A shoulder sling will also give the arm some support and decrease strain on the shoulder joint while you are walking. Hip pain can result from prolonged sitting in a sagging seat or chair. A firm seat on a regular chair or wheelchair will relieve strain on the hip joints.
Leg and Foot Swelling
If your lower limb mobility is reduced, you may experience mild leg and foot swelling, which is best reduced by moving the toes and ankle, if possible, and by elevating the leg and/or using an elastic stocking. Talk to a nurse about how best to address this problem.

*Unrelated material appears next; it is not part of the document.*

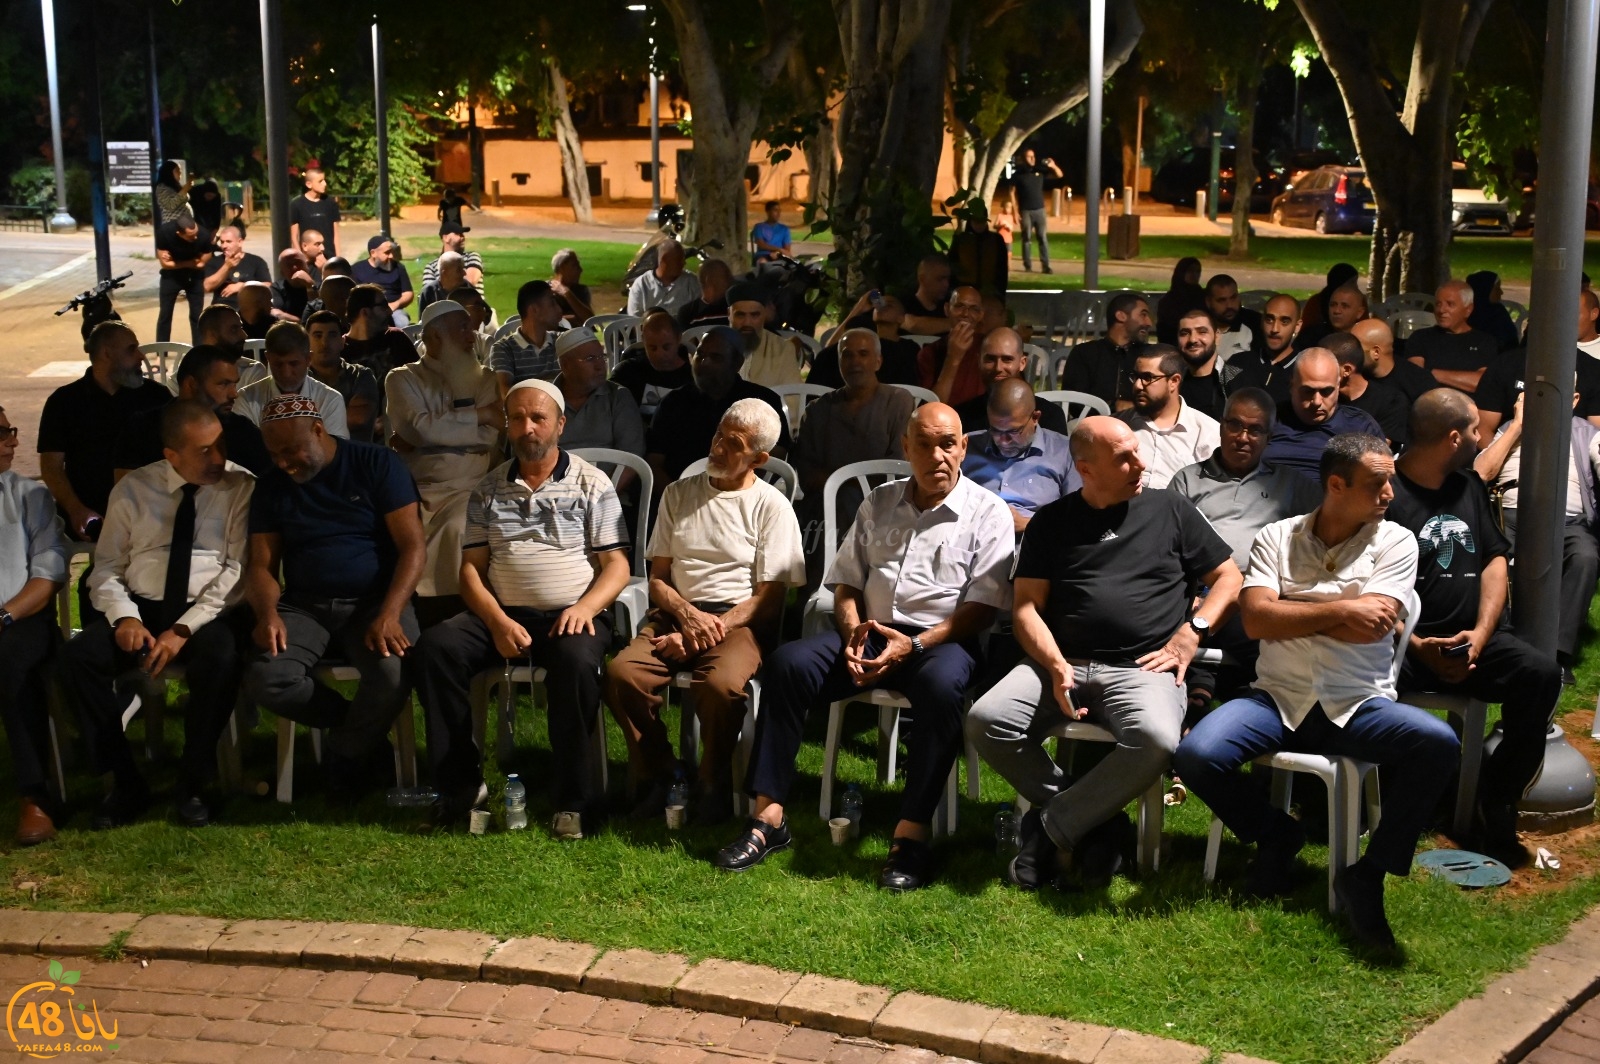  الاحتفال بالتوقيع على ميثاق السلم الأهلي في مدينة يافا 
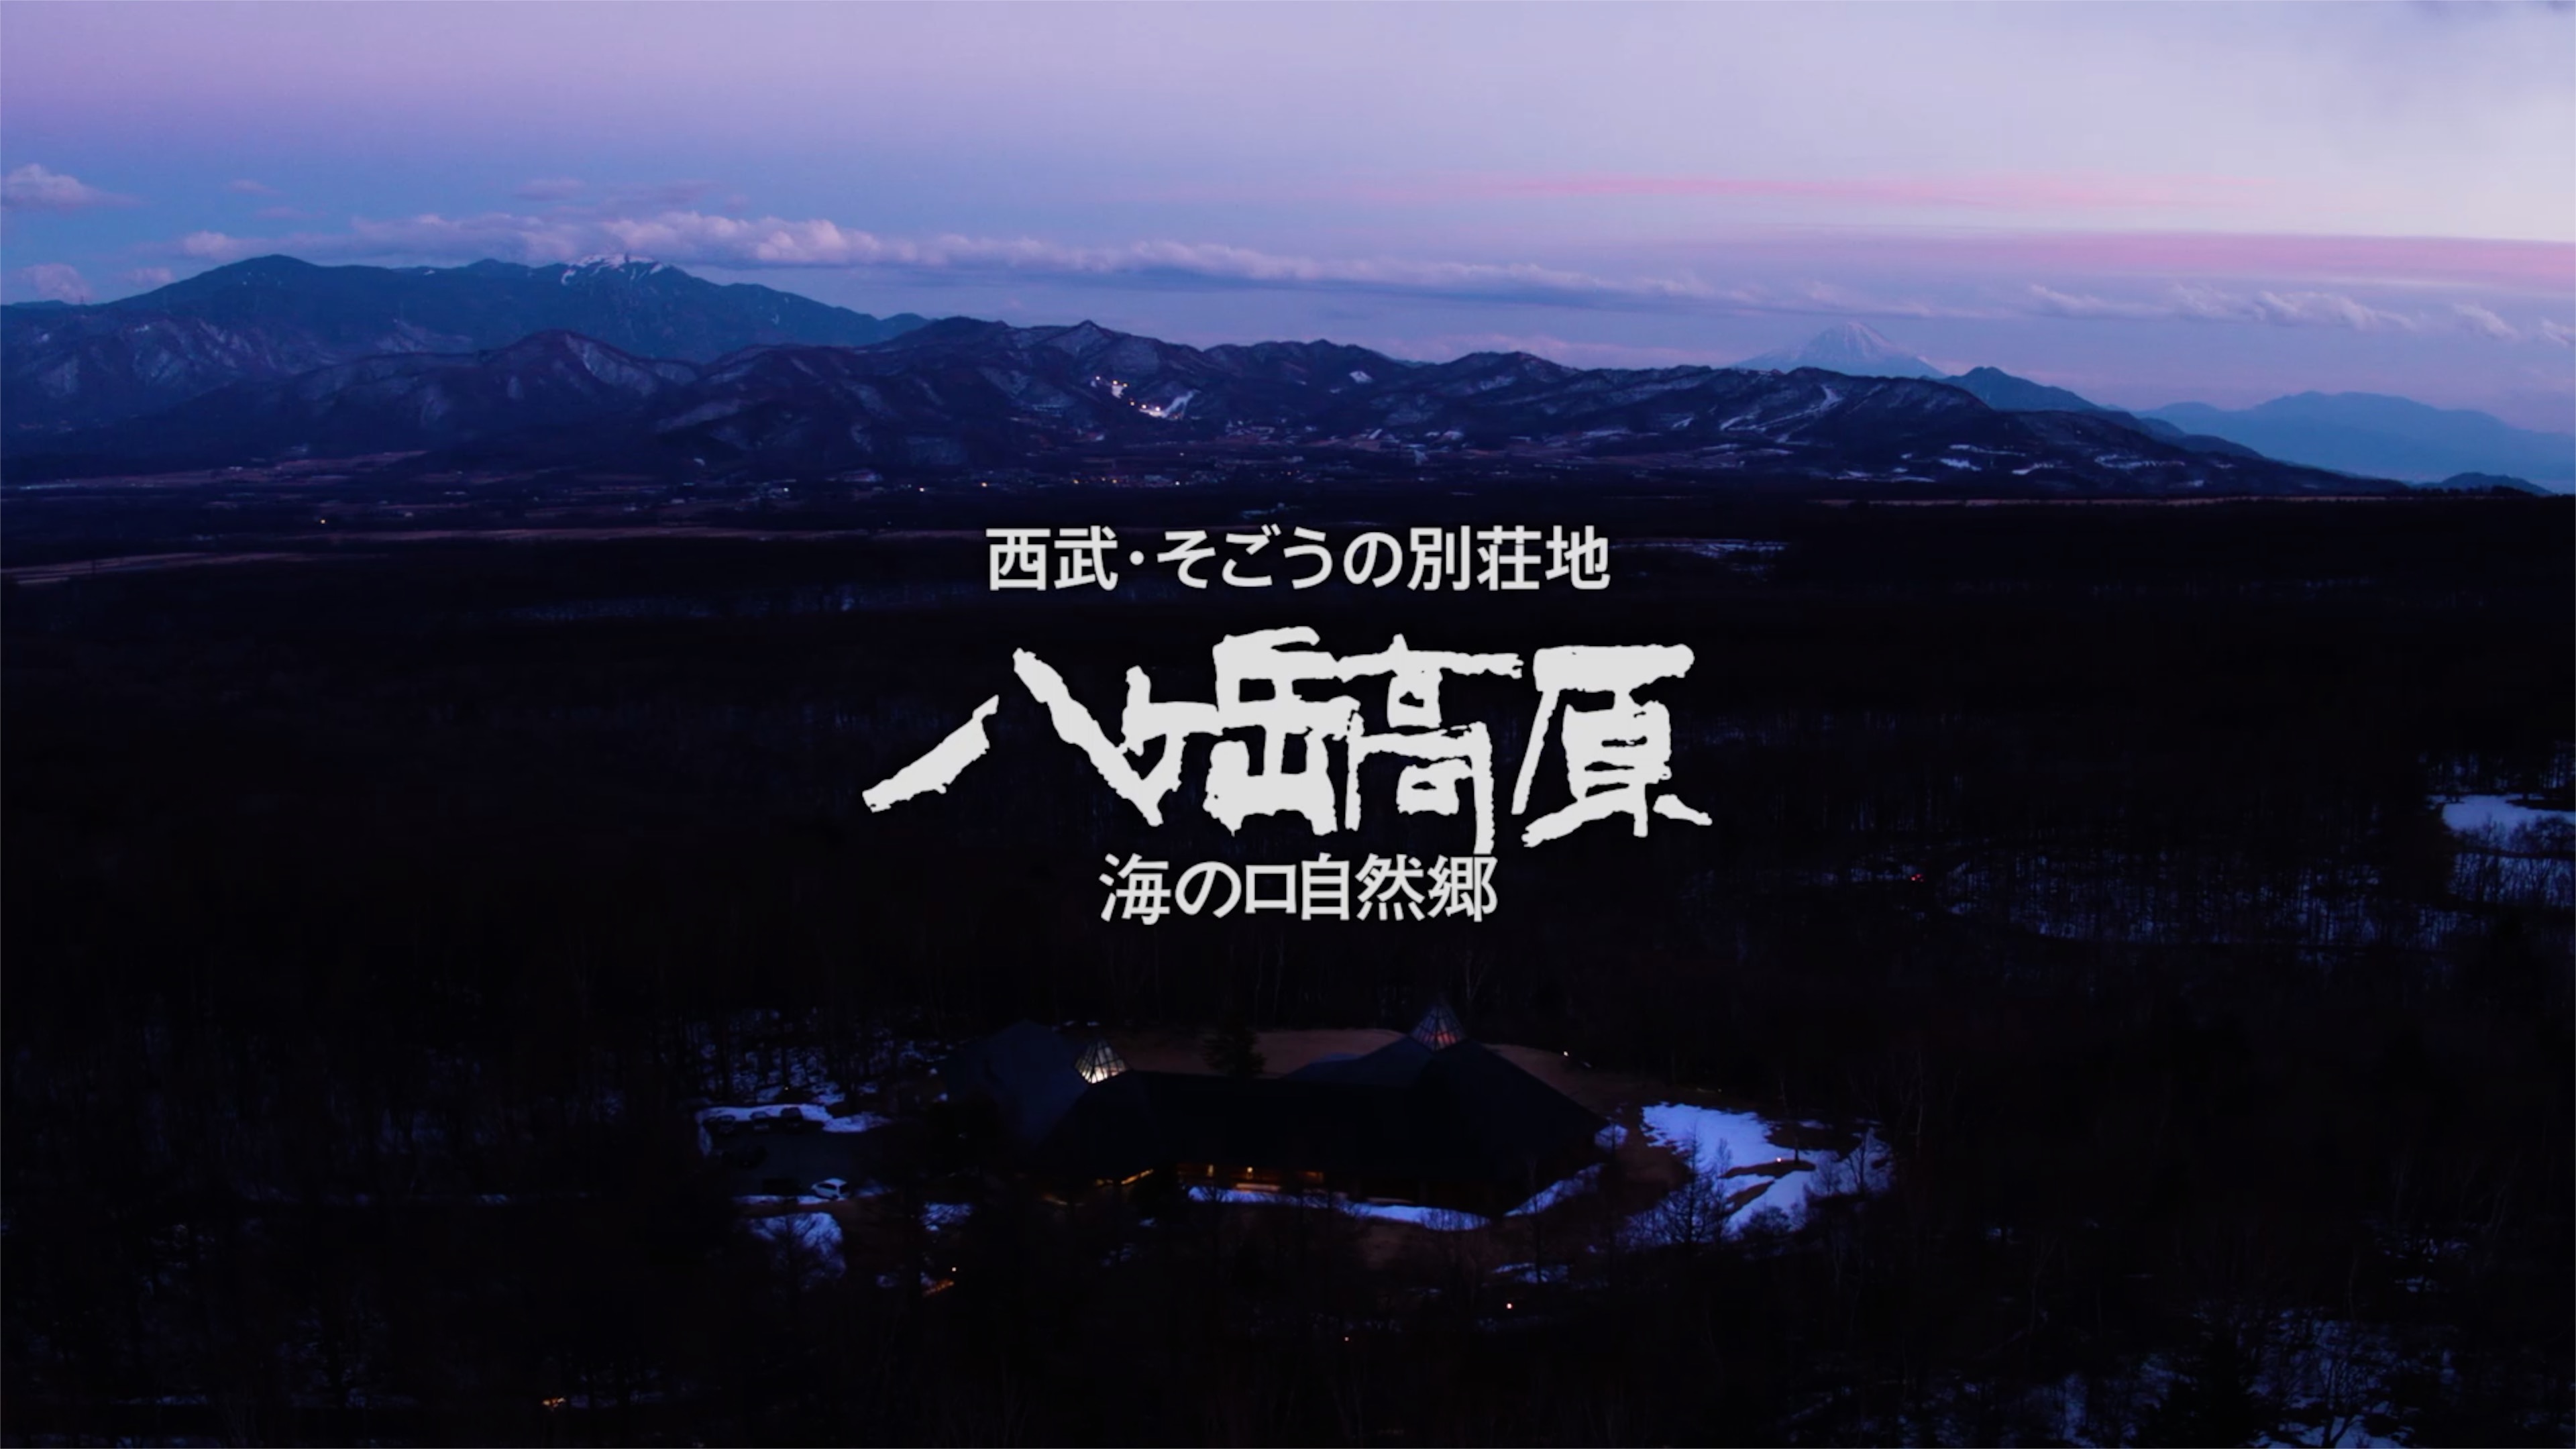 【webCM】 西武そごうの別荘地 八ヶ岳 海の口自然郷

Cramps are not uncommon in people with neuromuscular disorders. They can be alleviated to some extent by keeping the affected muscle warm and by stretching it or having your caregiver stretch it until the pain is eased. Severe or frequent cramps should be discussed with your doctor. There are a number of medications available to reduce cramping.
Changes to Posture
If the muscles that maintain your upward posture weaken, you may have discomfort in your lower back, neck and shoulder blade region. Special cushions, chair backs, lumbar (lower back) and cervical (neck) rolls are available to help you to maintain correct sitting posture. It may be necessary for you to sit in a reclined position or to use a neck collar to maintain proper positioning. Your occupational therapist can assist you in choosing the right device.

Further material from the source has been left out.